==== Input data
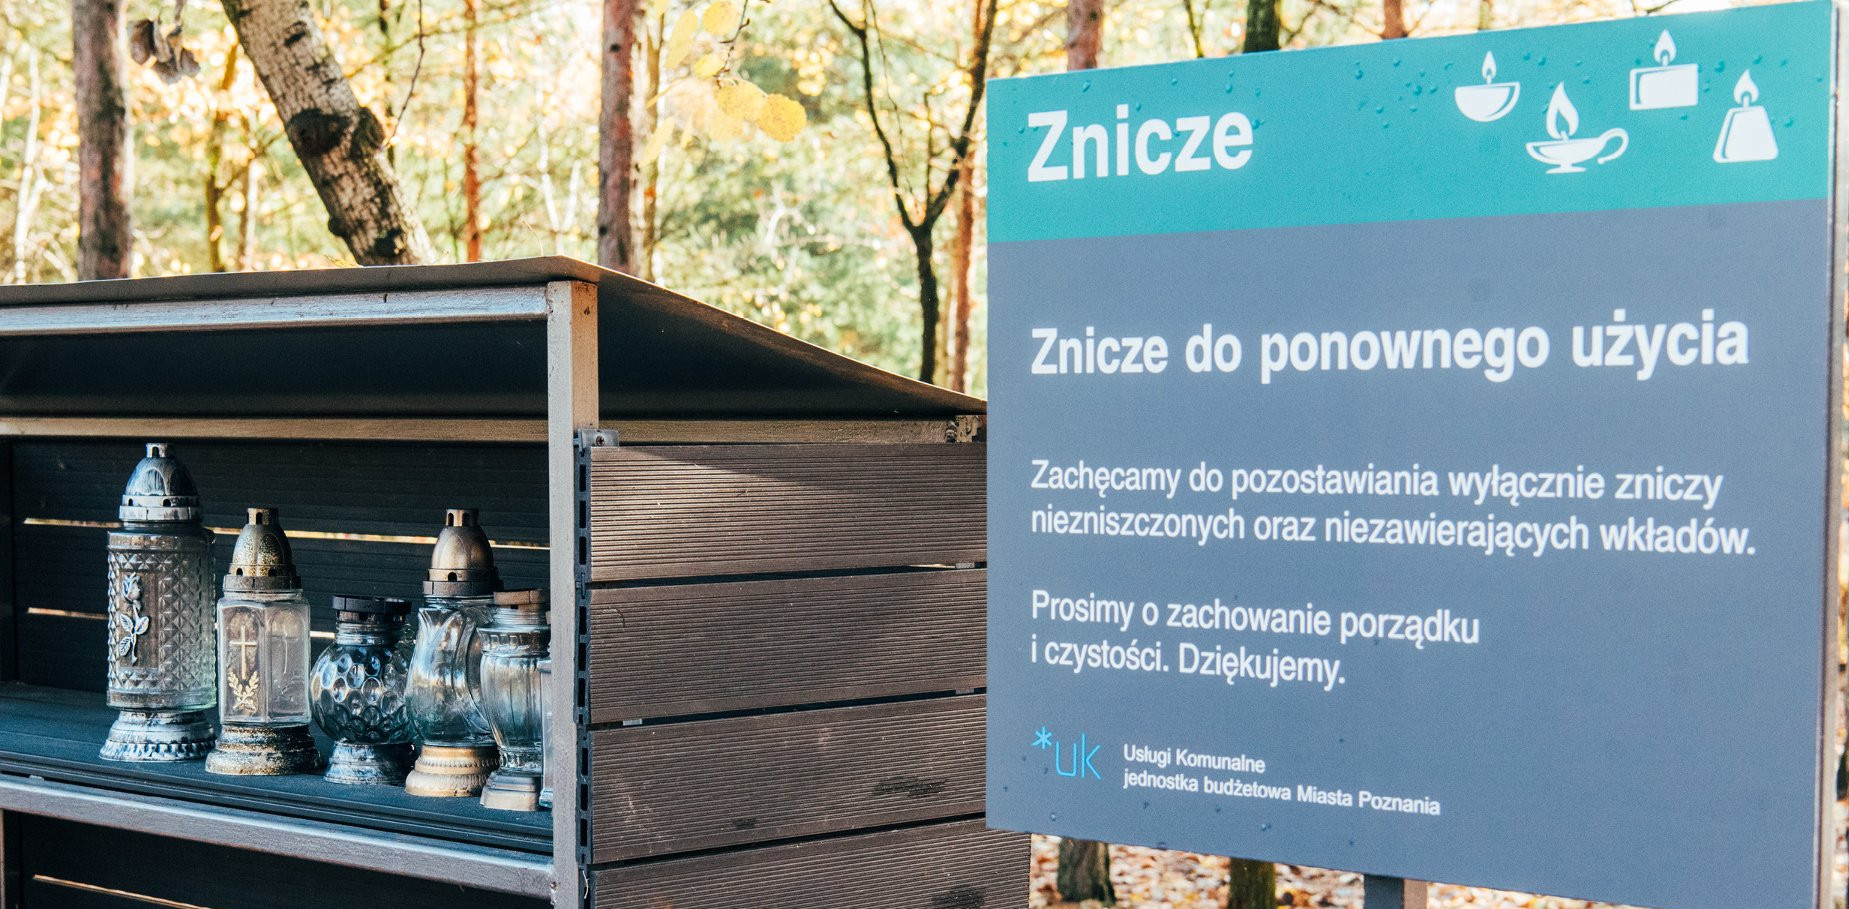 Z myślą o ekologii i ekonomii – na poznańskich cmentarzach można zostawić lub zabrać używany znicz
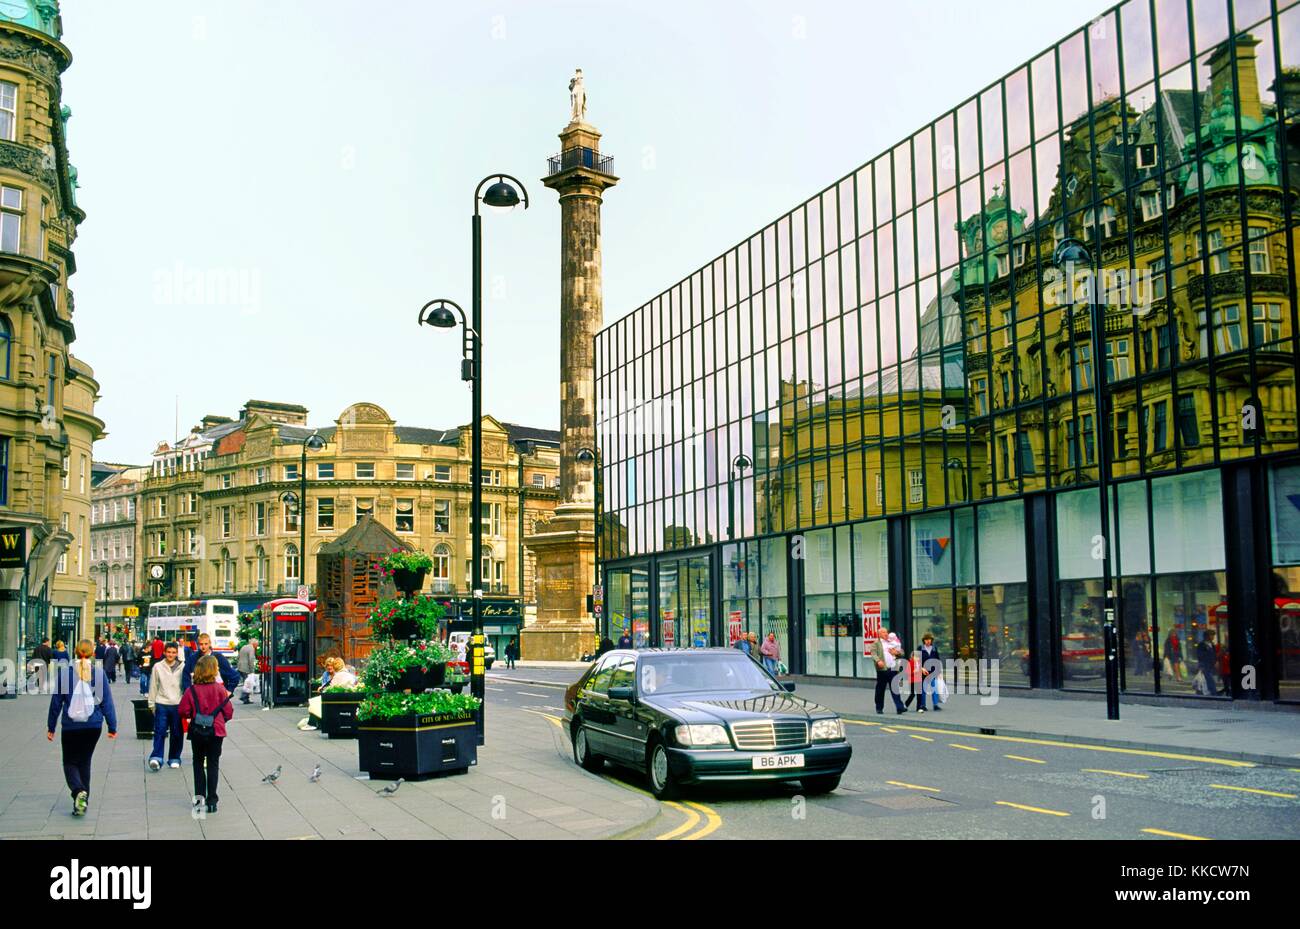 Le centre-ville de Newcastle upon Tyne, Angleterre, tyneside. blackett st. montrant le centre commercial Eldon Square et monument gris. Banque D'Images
========
==== Input data
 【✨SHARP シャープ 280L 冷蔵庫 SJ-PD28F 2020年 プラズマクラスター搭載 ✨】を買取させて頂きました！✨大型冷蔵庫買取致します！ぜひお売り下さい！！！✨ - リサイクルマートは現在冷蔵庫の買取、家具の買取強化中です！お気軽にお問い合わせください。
========
==== Input data
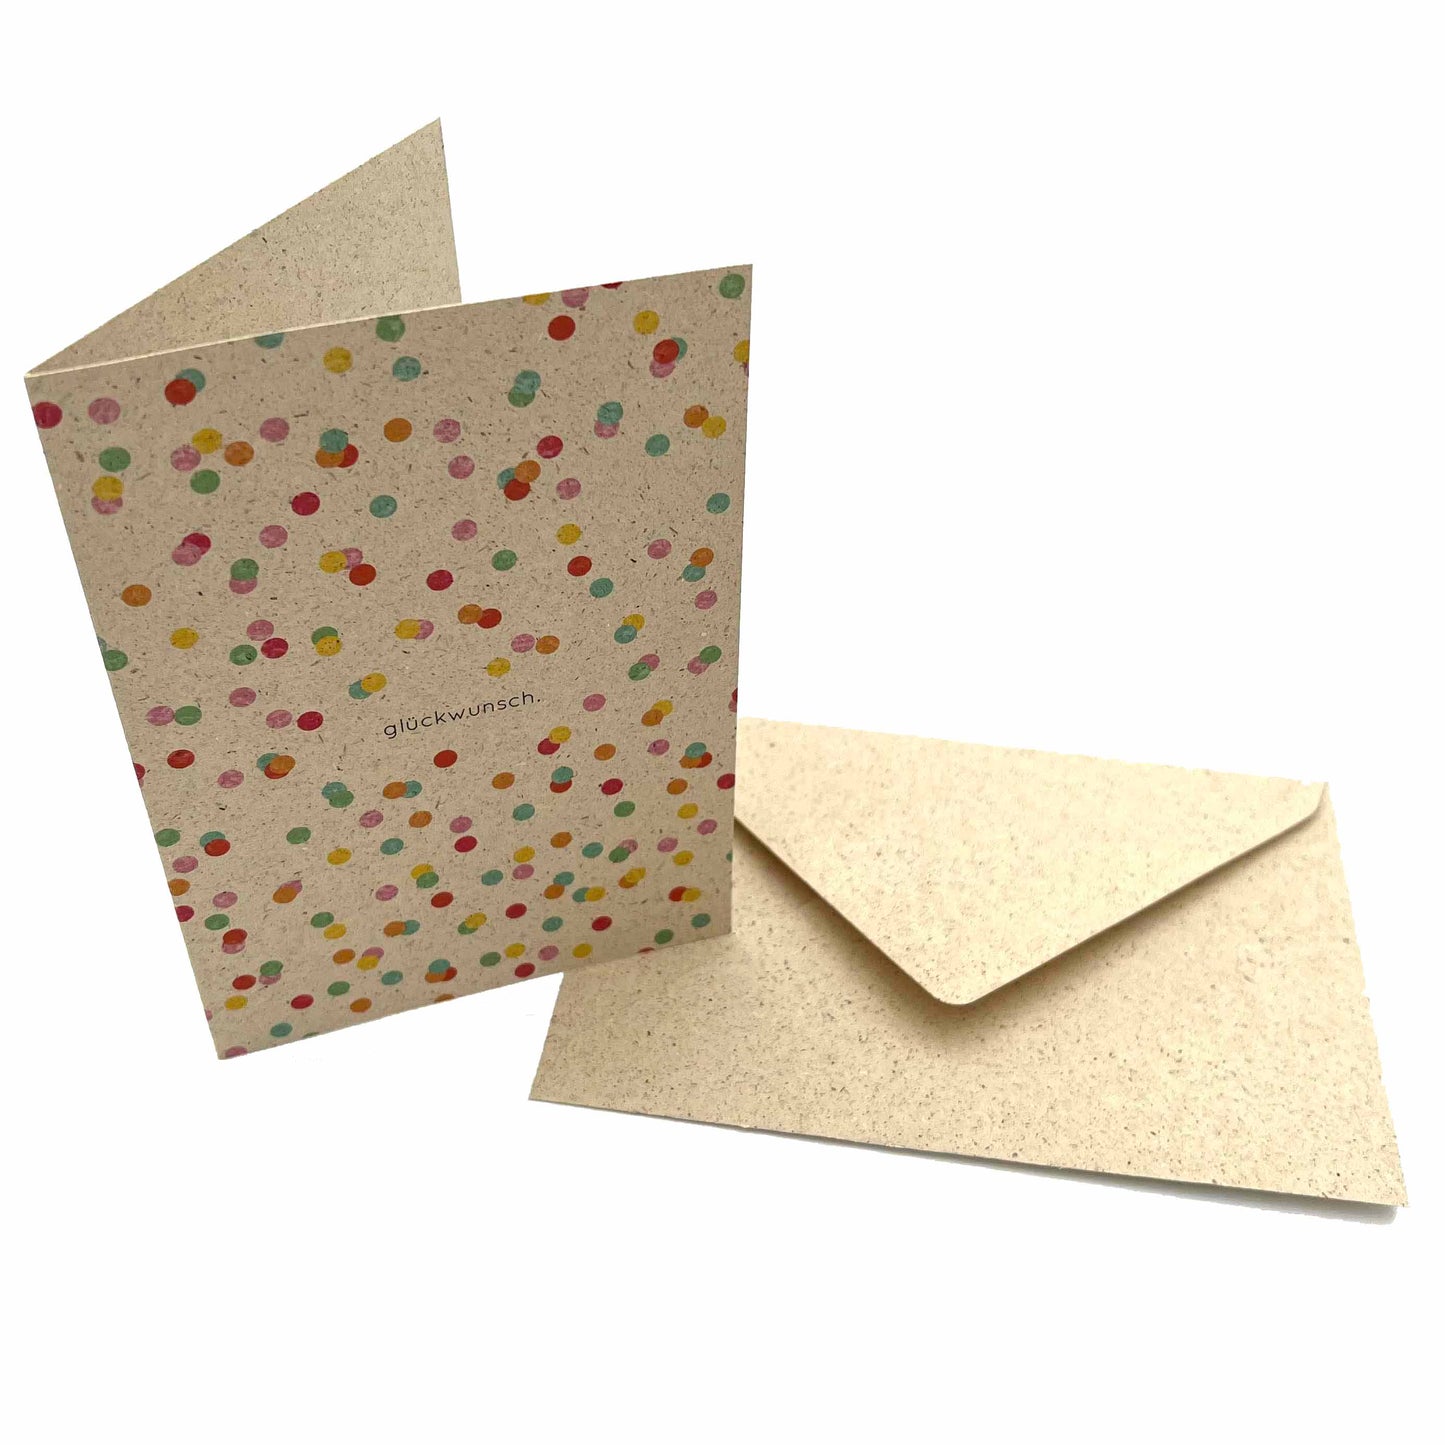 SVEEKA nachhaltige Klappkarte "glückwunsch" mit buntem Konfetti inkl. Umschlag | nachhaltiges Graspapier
========
About this exercise>
In the records above, copy exactly everything from the line that has "Z myślą o ekologii" down to the line that has "Le centre-ville de", both ends included, and leave out the pictures.

Written response>
 Z myślą o ekologii i ekonomii – na poznańskich cmentarzach można zostawić lub zabrać używany znicz
 Le centre-ville de Newcastle upon Tyne, Angleterre, tyneside. blackett st. montrant le centre commercial Eldon Square et monument gris. Banque D'Images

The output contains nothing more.